Hey! I like onions! You’re way outta line, sir. Almost every soup and stew and sauce in the universe has onions as part of its foundation. And what of onion rings? WHAT OF ONION RINGS?! I demand you go to night school and enroll in an Onion Appreciation course to understand how critical BIG BAGGED ONION is to the American economy and your personal welfare as a whole. There are far worse vegetables out there. I will now list a few in no particular order…
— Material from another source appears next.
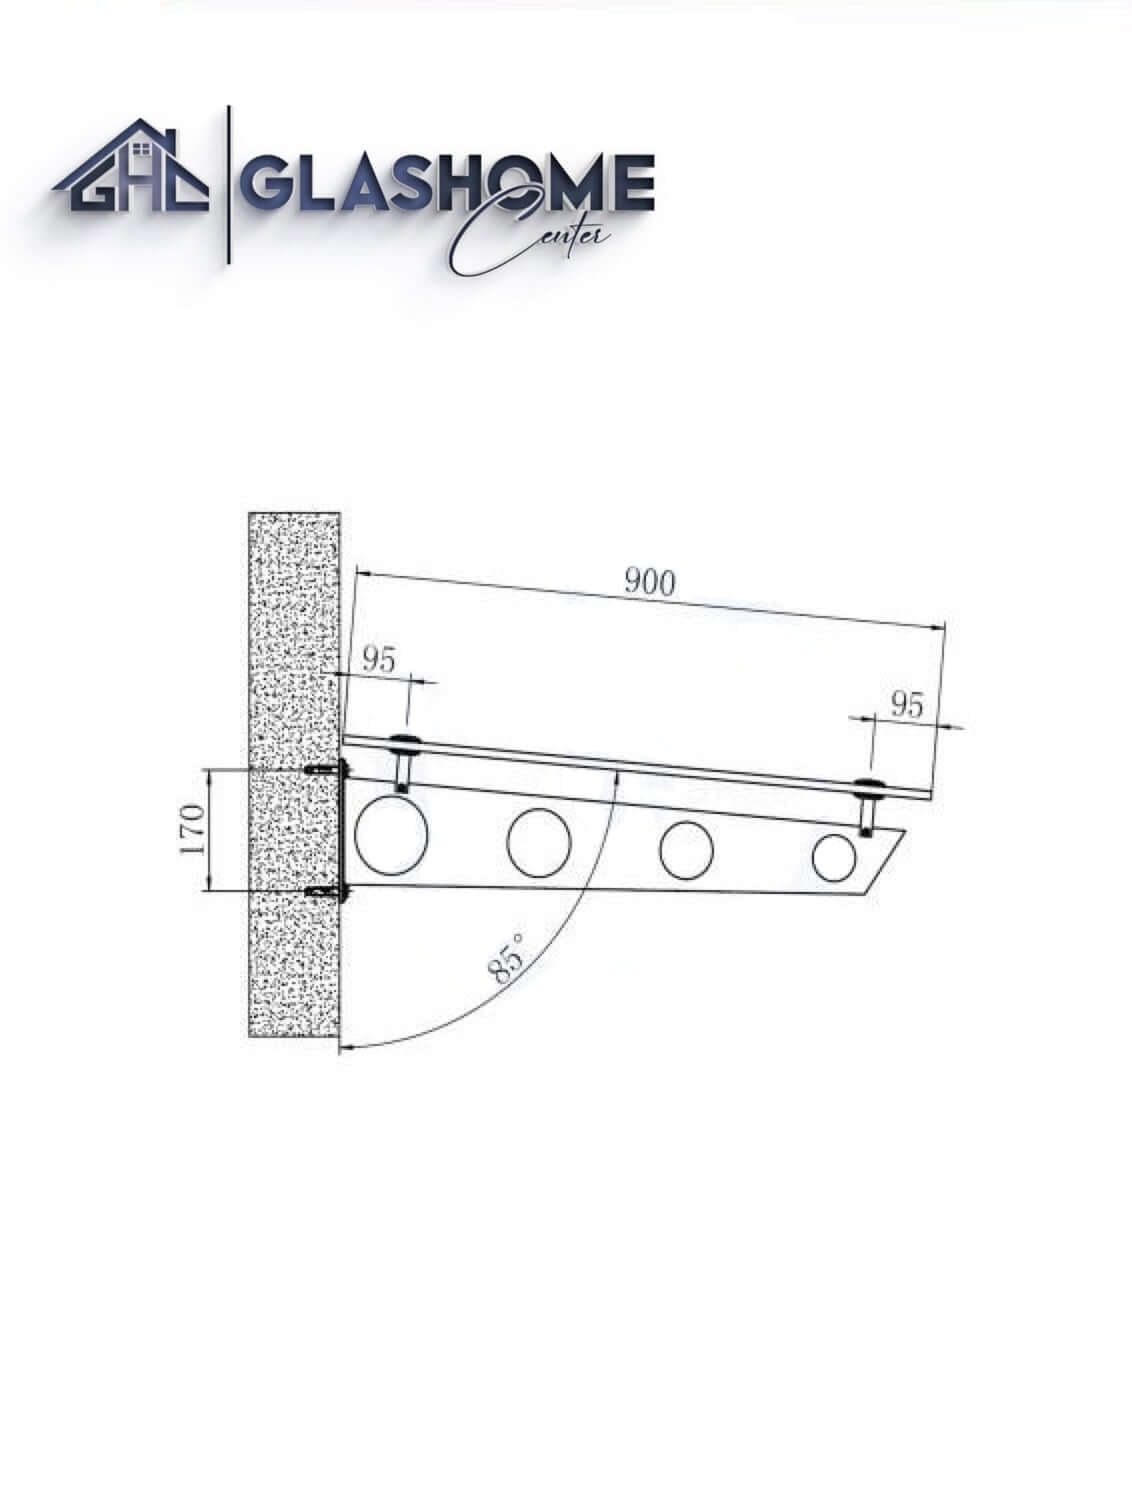 GlasHomeCenter - glass canopy - Clear glass - 230x90cm - 13.1mm VSG - incl. 3 schwarze Edelstahlhalterungen Variante "Stockholm"

  • OKRA. “My mother makes the best fried okra!” Hey, you know what would be better? If she fried literally anything else. I don’t need these slime-ridden swamp fingers polluting my plate. Southern people go on and on about okra like it’s better than a ribeye. I’m fed up with all this okra propaganda. Keep it the hell away from me and my family.
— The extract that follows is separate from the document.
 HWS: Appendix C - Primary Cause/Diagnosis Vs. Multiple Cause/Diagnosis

  • WATER CHESTNUTS. Is this a vegetable? I feel like it should be considered a vegetable because I hate eating it. I’ll order chicken & cashews from the China Palace and half the container is water chestnuts. Even worse, it looks JUST like the chicken, so I have no idea if the next bite will be ecstasy or sheer aggravation. Fuck water chestnuts. They only use them to save on chicken, and I want our next President to do something about it.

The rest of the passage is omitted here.